Feb 21, 2013, 02.42 PM IST
Ventura Securities has recommended hold rating on Tata Motors, in its February 20, 2013 research report. According to the research firm, the company's revenue growth is expected to be driven by the JLR portfolio led by the Evoque, Jaguar XF and sustainable demand in China and other emerging markets.
Ventura Securities has recommended hold rating on Tata Motors , in its February 20, 2013 research report. According to the research firm, the company's revenue growth is expected to be driven by the JLR portfolio led by the Evoque, Jaguar XF and sustainable demand in China and other emerging markets.
"Tata Motors posted a mere 1.4% YoY growth in total income to Rs. 45821.3 crore as against Rs. 45199.2 crore in Q3FY12. Operating profits declined by 17.3% on YoY basis to Rs 5657.3 crore. Operating margins contracted by 280 bps on YoY basis to 12.3% in Q3FY13. The reason for this decline was margins decline in standalone business and change in product mix at JLR (which led margin decline in JLR business). Consolidated tax rate for the quarter stood at 38.7%.
Tata Motor’s standalone performance was disappointing as revenues declined by 20.3% yoy to Rs. 10630.1 Total volumes fell by 10.2% on YoY basis to 2,03,852 units while average realization were lower by 8% on YoY basis. Exports also degrew by 18% on YoY basis due to problems in Bangladesh and Sri Lanka. Consequently, operating profits fell sharply by 83% yoy to Rs. 145.1 crore and margins stood at 1.4% (-500 bps yoy, -390 bps qoq). The stand alone business reported a loss of Rs 458.5. The current capacity utilization in the M & CV segment is ~ 50-55% while capacity utilization in the passenger car segment in less than 50%
Jaguar Land Rover continued the strong volume growth as its total volumes were higher by 9.9% YoY to 94,928 units mainly led by a 12.3% yoy growth in Land Rover volumes. Geographically, China is the highest contributor to the total volumes of JLR at 21.0% ahead of North America which contributed 18.9%.

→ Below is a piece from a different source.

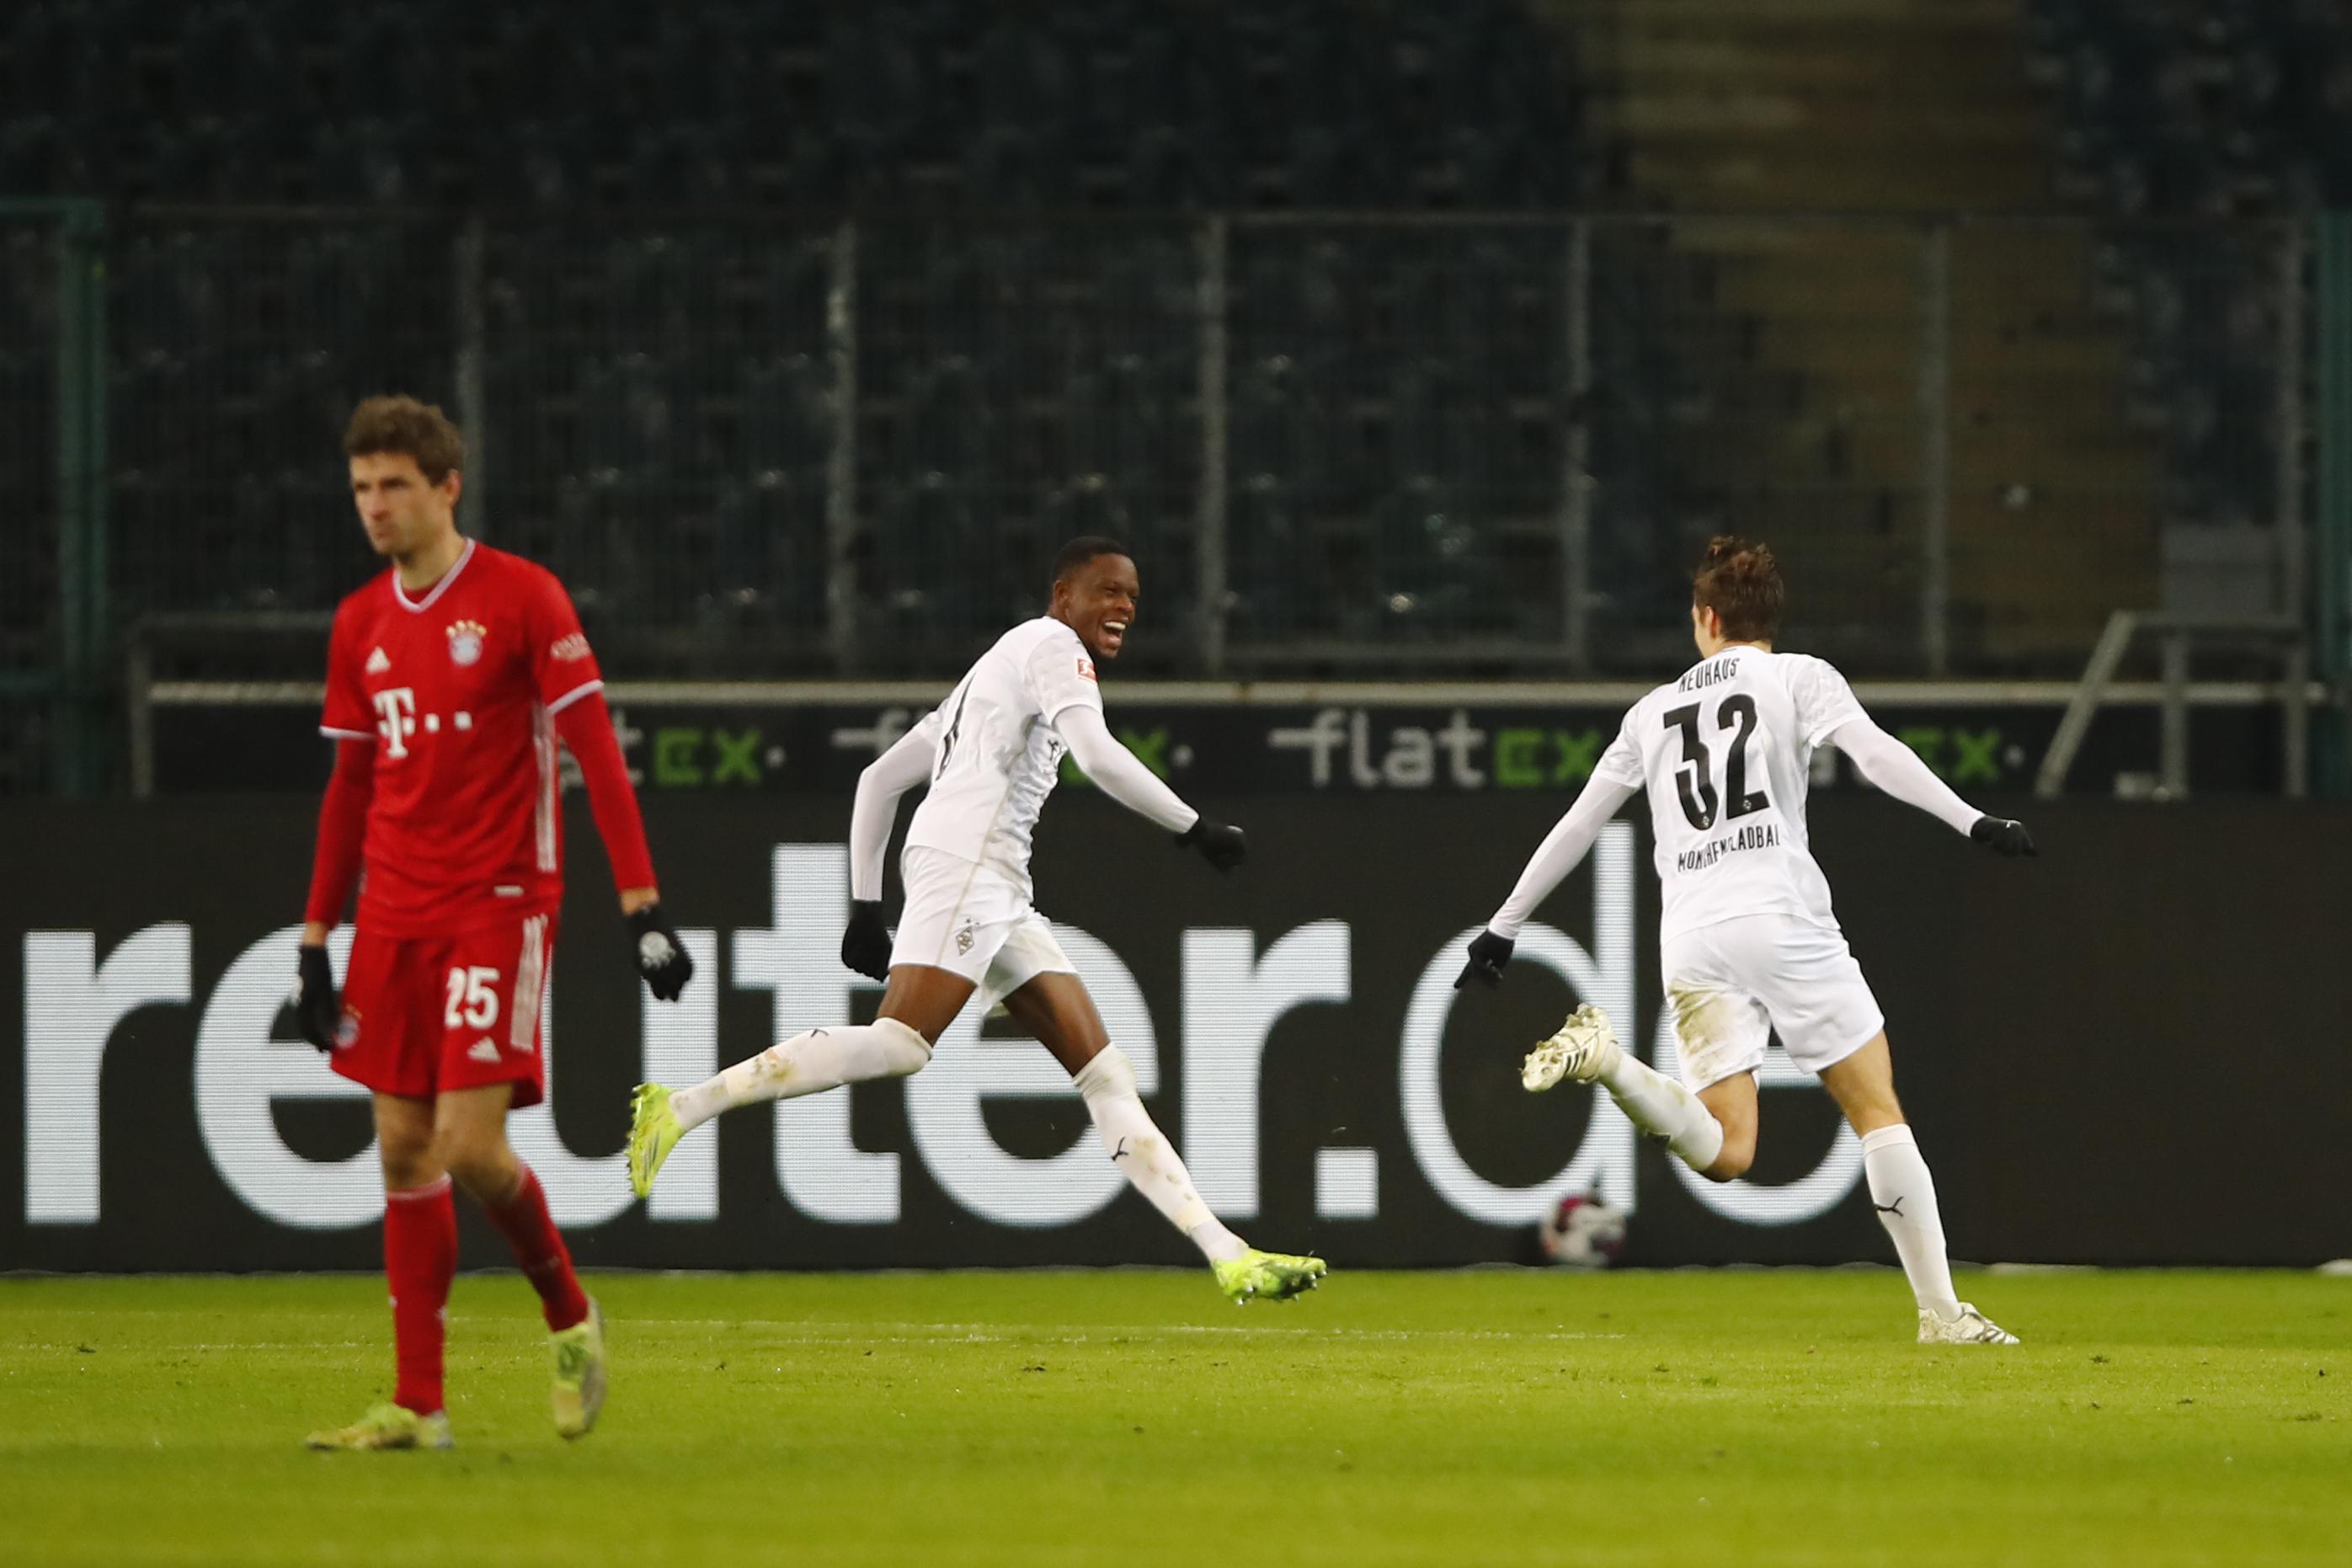 Bayern Munich Player Ratings Vs Gladbach - Awful display from the Bavarians.
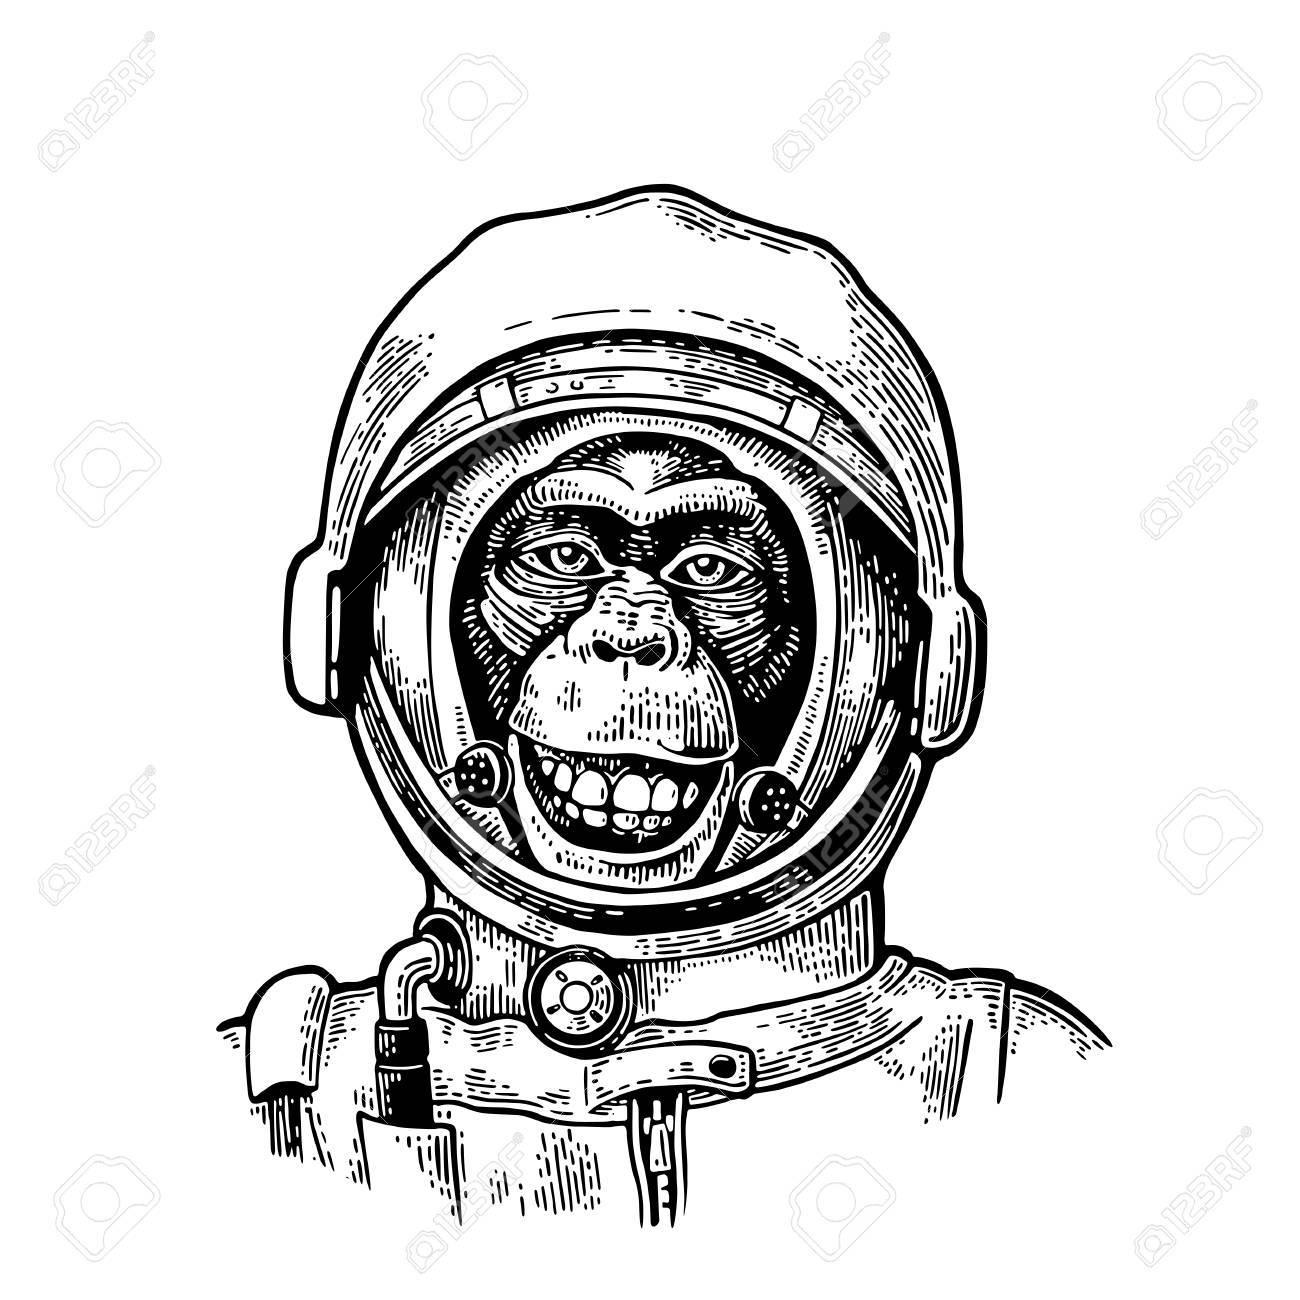 Monkey In Astronaut Helmet Vintage Black Engraving Stock Vector

The Chinese market has been growing at ~65% YTD. Already, ~120-130 dealerships have been set up in China. The Chinese market will witness more dealer additions in the coming quarters as the potential for growth in volumes exists. The planned products for CY13 include XF Sportbrake, AWD and smaller engine derivatives of XF and XJ. The management also started the smaller three litre engines along with all-wheel drive options for XF and XJ were being worked upon for specific geographies.
Tata Motors reported Q3FY13 was below street expectations. Weak macro economic outlook, competitive pricing pressures leading to decline in realization on yoy basis has severely impacted standalone business leading to loss of Rs 458.5 crore. Increasing competition in the segment could further threaten the market share of Tata Motors. Further, the PV industry continues to remain challenging with higher inflation and fuel prices dampening consumer sentiments. We expect revenue growth to be driven by the JLR portfolio led by the Evoque, Jaguar XF and sustainable demand in China and other emerging markets. We believe that the upcoming new launches at JLR will further aid the volume growth and is the key variable to watch. At a CMP of Rs. 304 the stock is trading at 7.5x and 6.8x FY14E and FY15E earnings estimates and we recommend a HOLD with target of Rs. 328 representing a potential upside of 7.9%," says Ventura Securities research report.